REQUIRED ACTION >>
Set down, exactly as written, the lines from the line holding "Kütahya Porselen - Kütahya" to the end of the data, inclusive, skipping any pictures.
INFORMATION PROVIDED: Begin
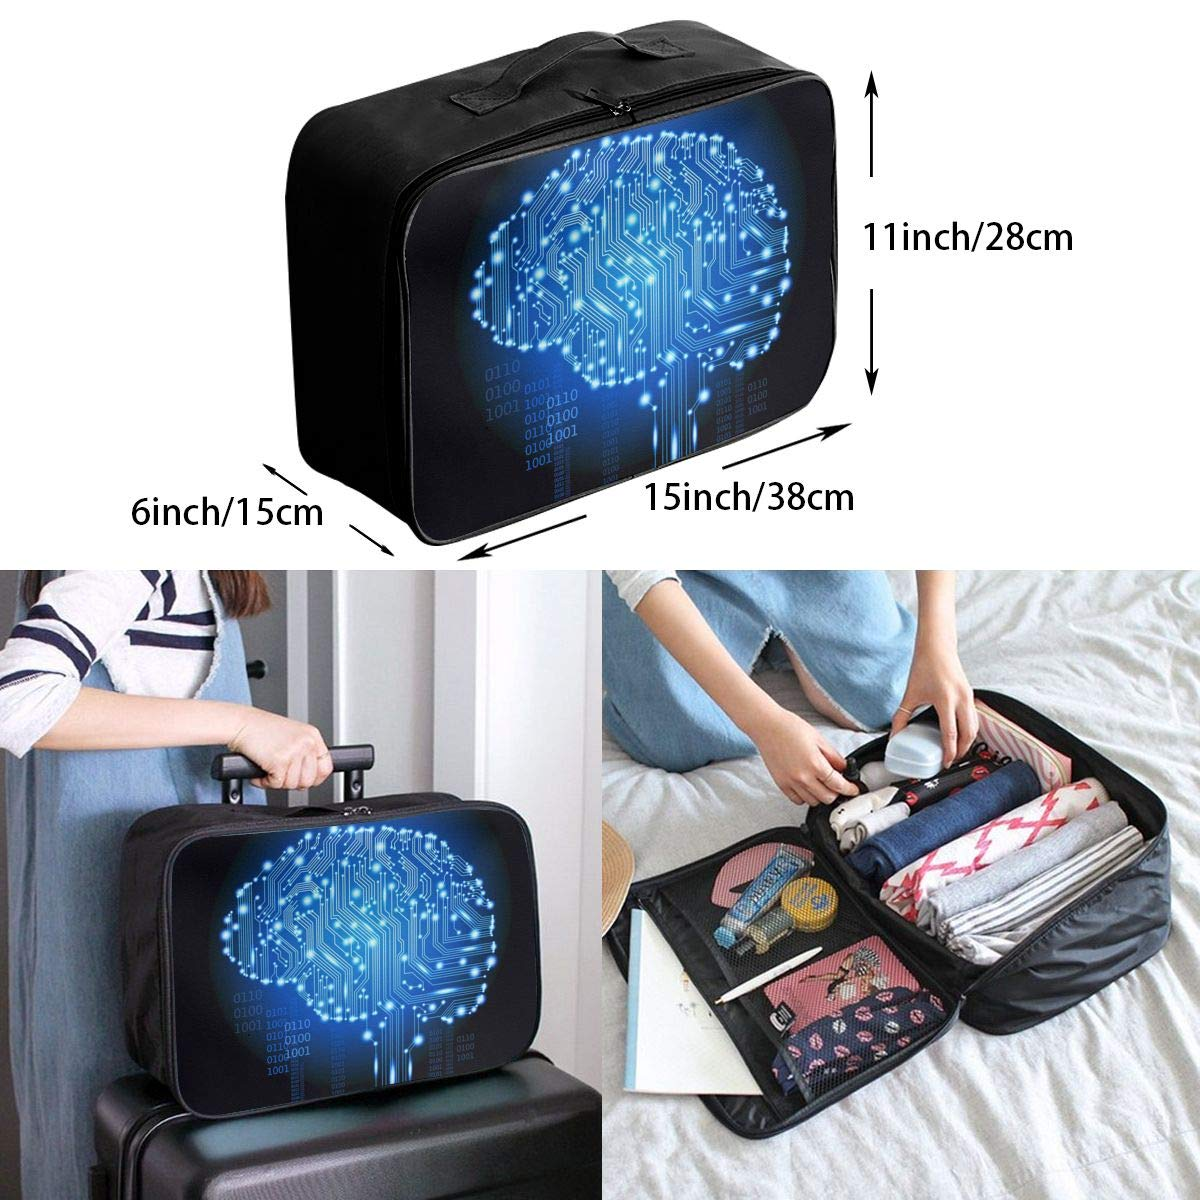 Travel Luggage Duffle Bag Lightweight Portable Handbag Brain Print Large Capacity Waterproof Foldable Storage Tote
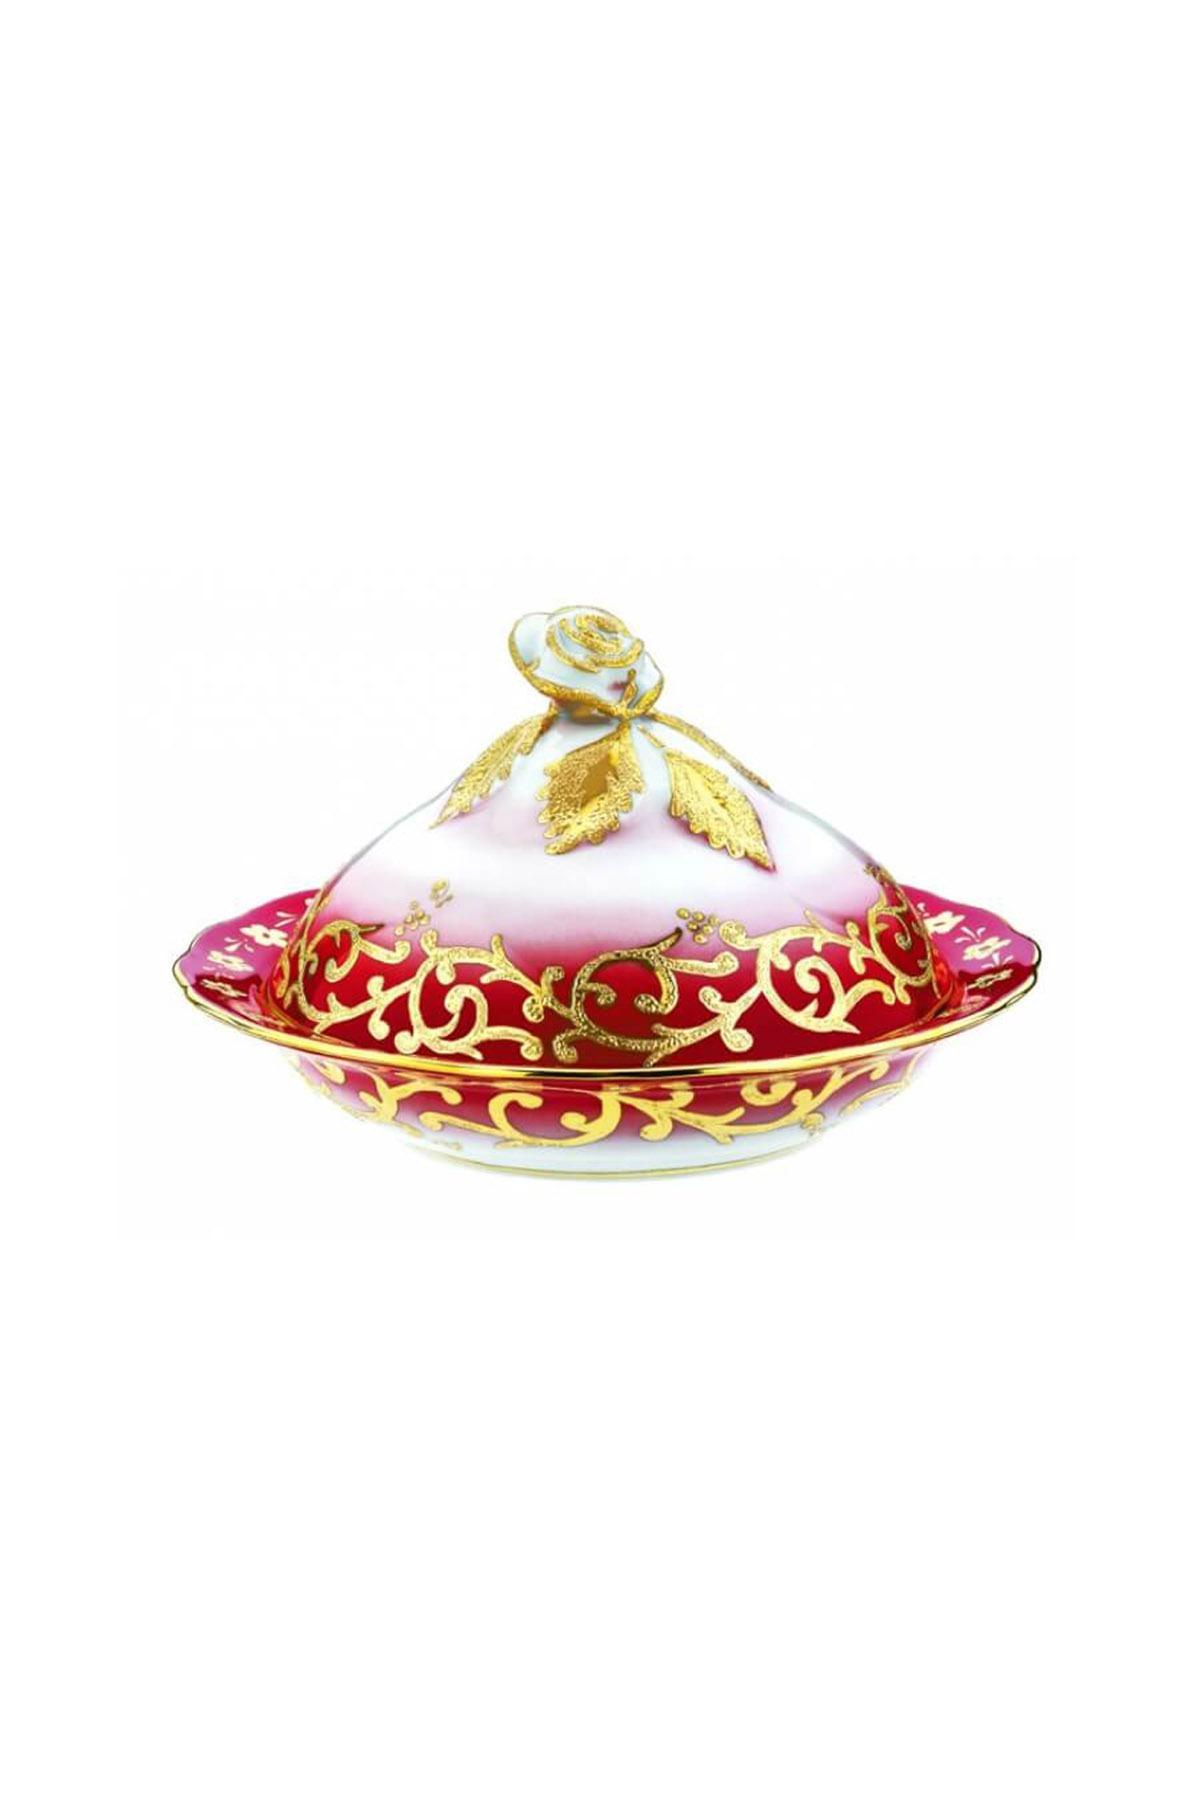 Kütahya Porselen - Kütahya Porselen Sultan 20 Cm Şekerlik 3678
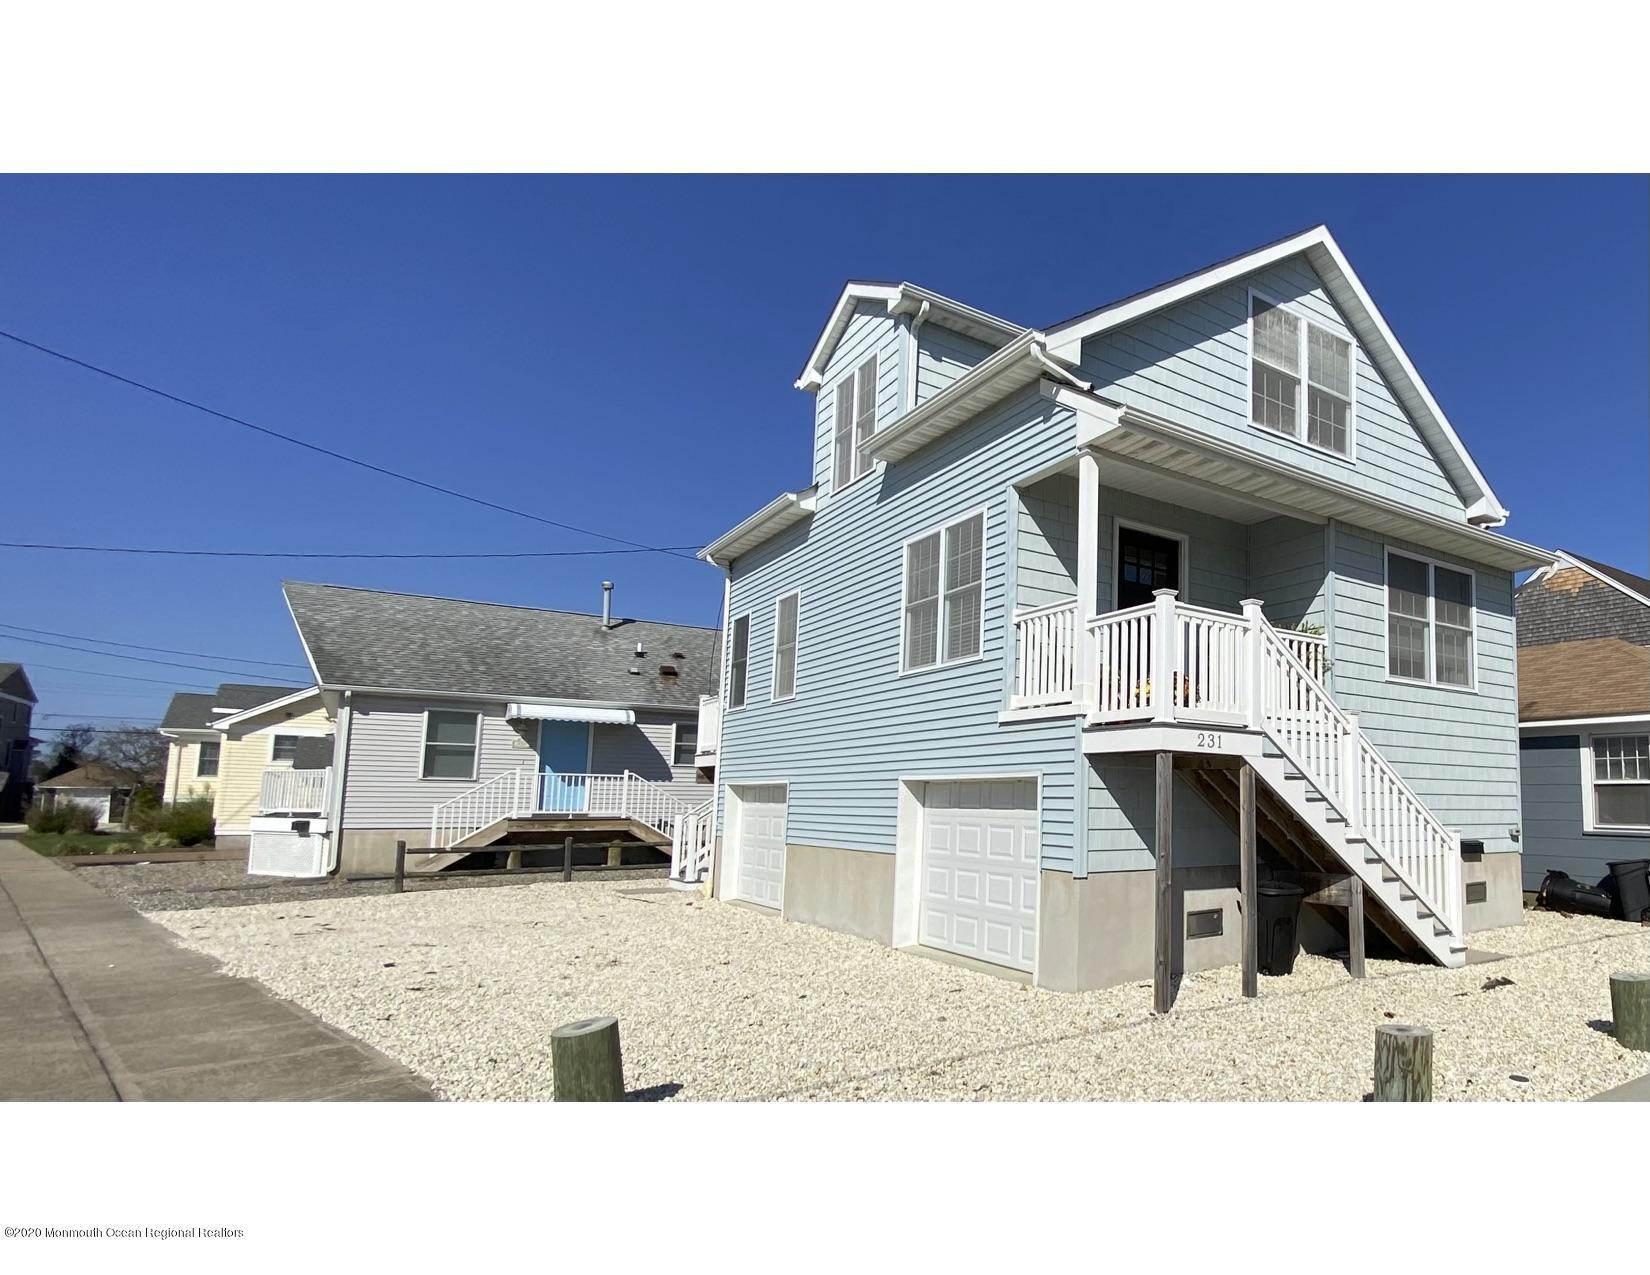 Photo of 231 Ocean Avenue, Point Pleasant Beach, NJ 08742
INFORMATION PROVIDED: End
YOUR RESPONSE >>
 Kütahya Porselen - Kütahya Porselen Sultan 20 Cm Şekerlik 3678
 Photo of 231 Ocean Avenue, Point Pleasant Beach, NJ 08742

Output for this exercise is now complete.